As the sodium silicate, any of commercially available No. 1 to No. 4 water glass and sodium metasilicate can be used. Nitric acid, hydrochloric acid, sulfuric acid, etc. are used as mineral acids. When mixing sodium silicate and mineral acid, gelation often occurs if the amount of mineral acid is small, so it is necessary to select the ratio of sodium silicate and mineral acid so that the pH of the liquid is 5 or less. Divalent heavy metal salts can be selected from chlorides, sulfates, nitrates, etc. of cobalt, nickel, zinc, cadmium, iron, manganese, lead, and the like. If the amount satisfies the composition of general formula (), there are not only one type of heavy metal but also two types of heavy metals.
It is possible to select from any combination of compositions over types, and compositions can be designed according to the application.
It is also possible to add a magnesium salt if necessary, and it can be selected from magnesium chloride, magnesium sulfate, magnesium nitrate, etc. Next, a homogeneous solution containing silicic acid and a divalent heavy metal salt or, if necessary, a magnesium salt, and an alkaline solution are mixed at room temperature to obtain a homogeneous composite precipitate. As the alkaline solution, sodium hydroxide solution, potassium hydroxide solution, aqueous ammonia, etc. are used.

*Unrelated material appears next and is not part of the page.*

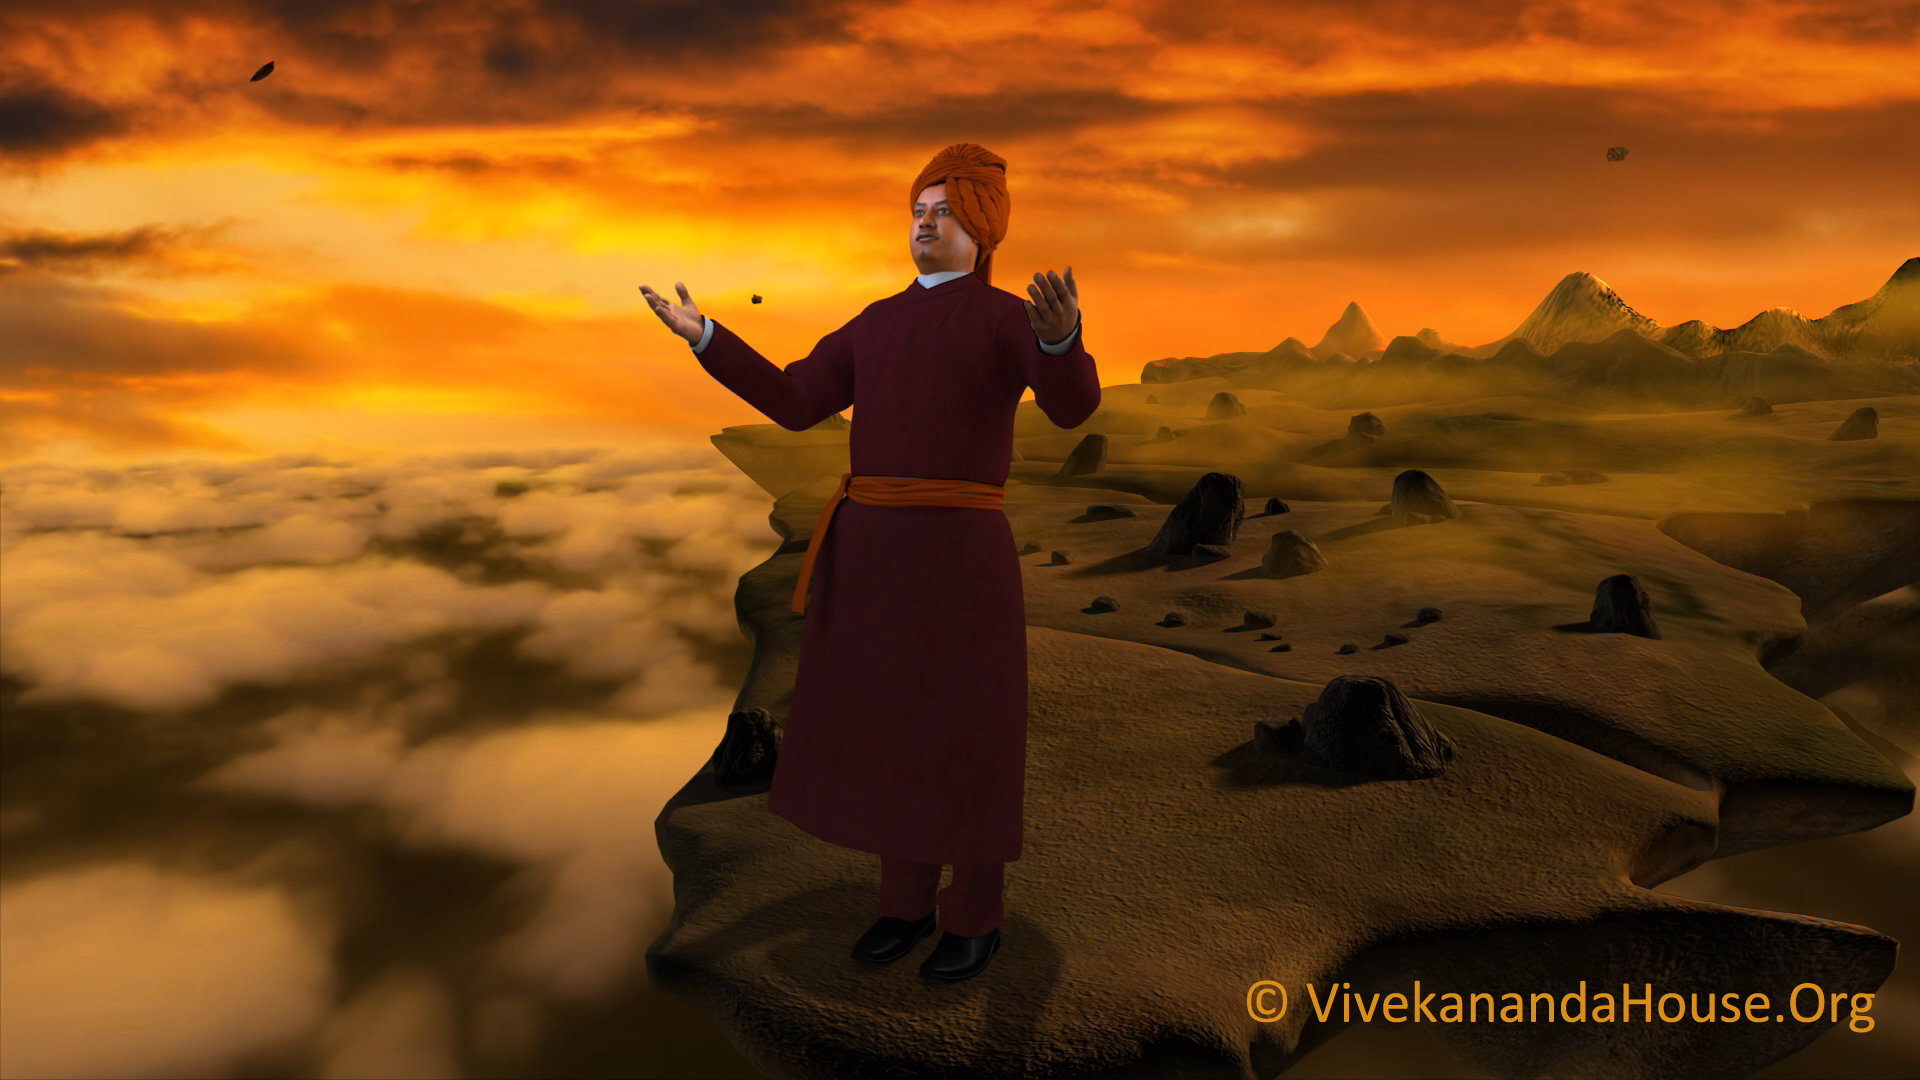 To A HD Version Of Vivekananda 3d Movie Wallpaper Click On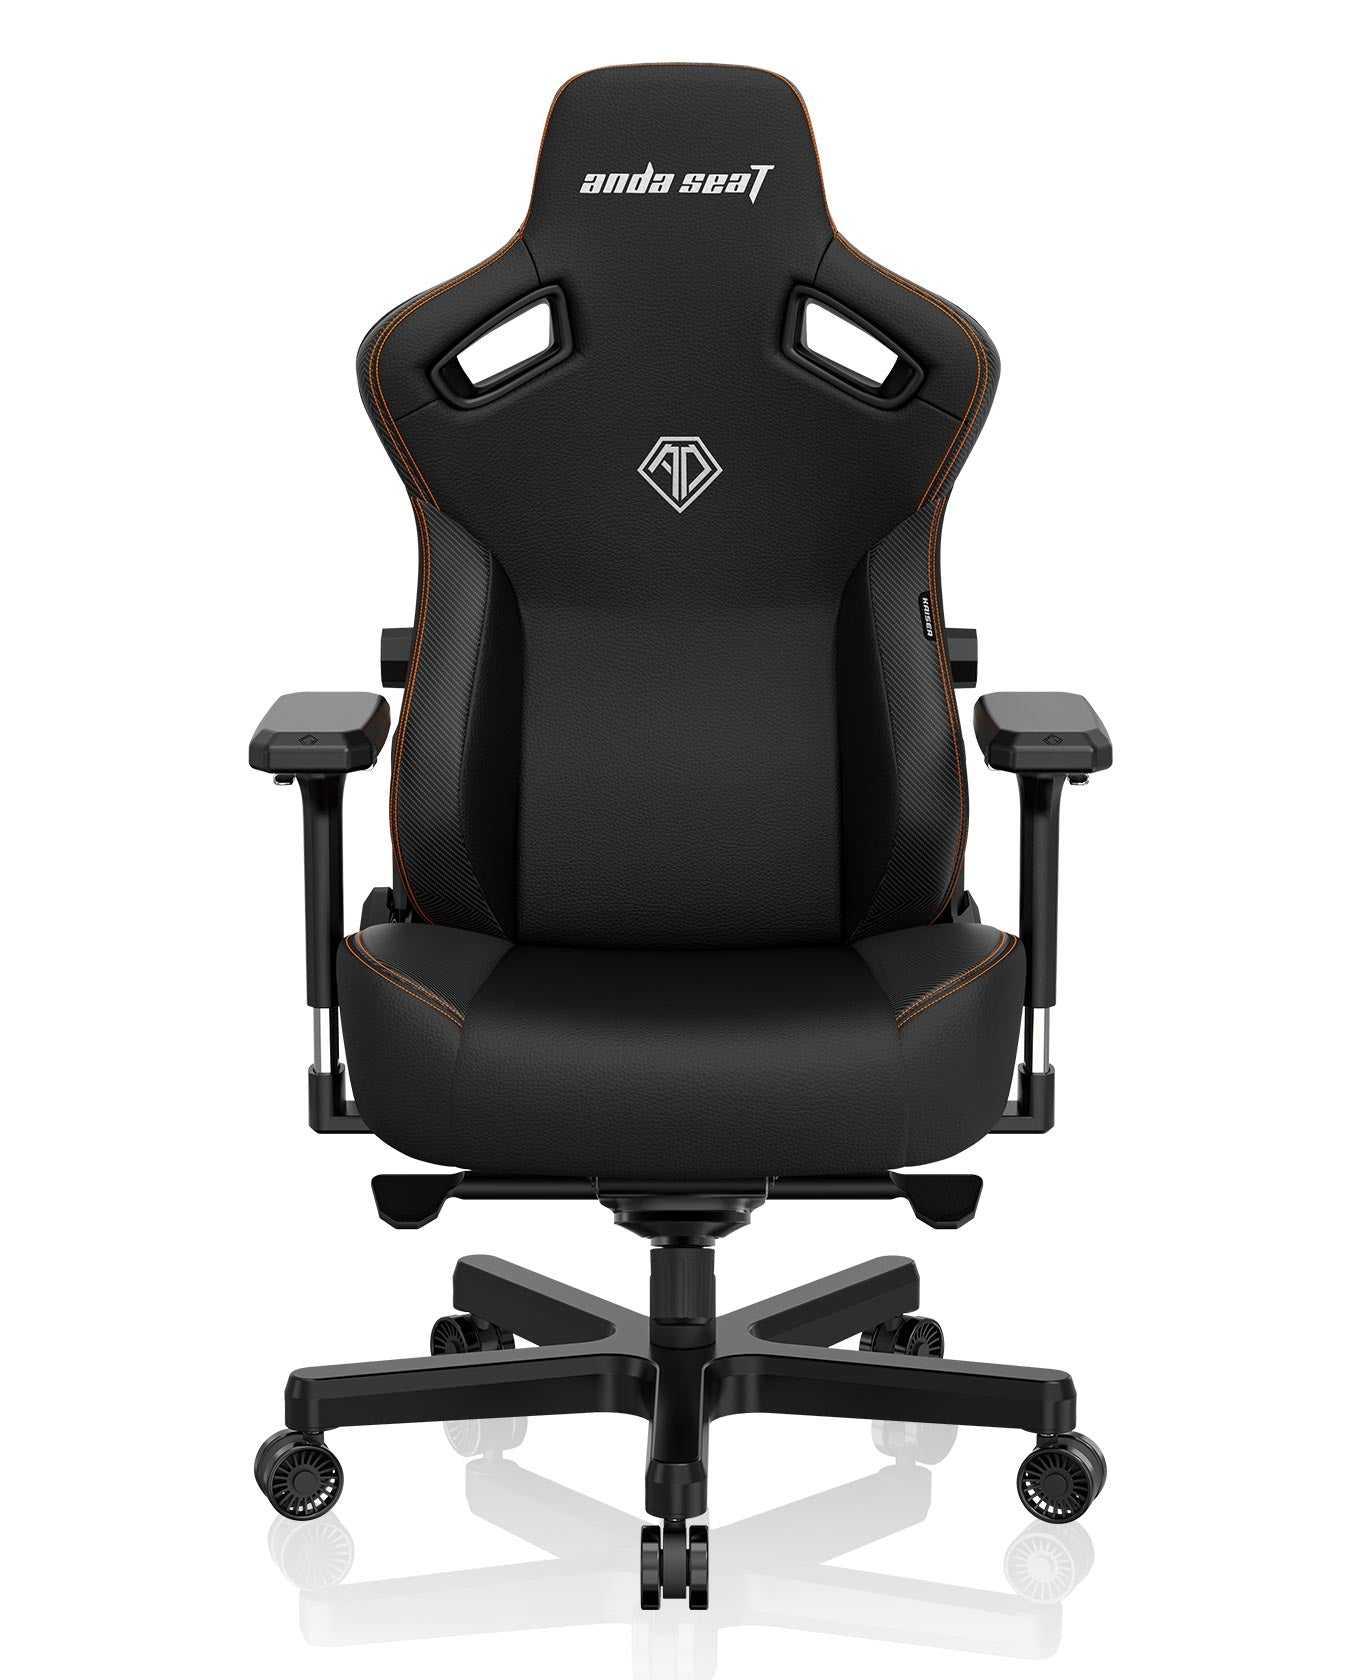 AndaSeat Kaiser 3 Series Premium Gaming Chair XL - Elegant Black Premium PVC Leather

It is desirable to select the amount of alkaline solution such that the pH after mixing is 10 or higher. When the homogeneous solution and the alkaline solution are mixed, the homogeneous solution may be dropped into the alkaline solution to cause precipitation, or the reverse order may be used. A homogeneous composite precipitate can also be obtained by instantaneously mixing both liquids. Next, filtration and washing with water are repeated to sufficiently remove by-product solutes. According to X-ray powder diffraction, these homogeneous composite precipitates containing heavy metals already have a low-crystalline smectite-like structure, and therefore, in the third step, hydrothermal treatment at a relatively low temperature and for a short time is required. It is inferred that the synthetic swellable silicate of the present invention having better properties is produced by this method. Furthermore, since the above-mentioned homogeneous composite precipitate often already incorporates cations at the time of precipitation, there is no particular need to add exchangeable cations in the second step. The starting material slurry for the second step is prepared by adding water and, if necessary, a cationic hydroxide, fluoride, or a mixed aqueous solution thereof to the homogeneous composite precipitate obtained in the first step, or adding hydrofluoric acid to the homogeneous composite precipitate obtained in the first step. Adjusted by adding It is not particularly necessary to add cations, but if they are added, it is desirable to add them in an amount given by c/y. y is given the valence number of the cation to be added, and is 1 or 2 in the case of one type of cation. c is a value between 0 and 2,
Usually the preferred value is between 0.5 and 1.2, and usually a value around 0.8 should be chosen. The amount of cations to be added is permissible up to about four times the value of c. The swellable silicate of the present invention can be synthesized without adding fluoride ions, but when added, the value of d may be selected within the range of 0 to 2/3 (s+b)+c. If the value of (a+b) is 6,
Assuming that c=0.8, the amount of fluorine ions can be selected between 0 and 4.8 in terms of calculation, but addition up to about twice the amount of 4.8 is permissible. In the hydrothermal reaction of the third step, the raw material slurry obtained in the second step is charged into an autoclave and subjected to a hydrothermal reaction at a temperature of 100° C. to 350° C. to produce the swellable silicate of the present invention. Although stirring is not particularly required during the reaction, stirring is absolutely prohibited. In general, the higher the reaction temperature, the faster the reaction rate, and the longer the reaction time, the better the crystal formation, but at a reaction temperature of 200°C and a reaction pressure of 15.9 kg to cm 2 , a reaction time of 2 to 3 hours is sufficient. In the fourth step, after the completion of the hydrothermal reaction in the third step, the contents of the autoclave are taken out and heated to a temperature above 60â.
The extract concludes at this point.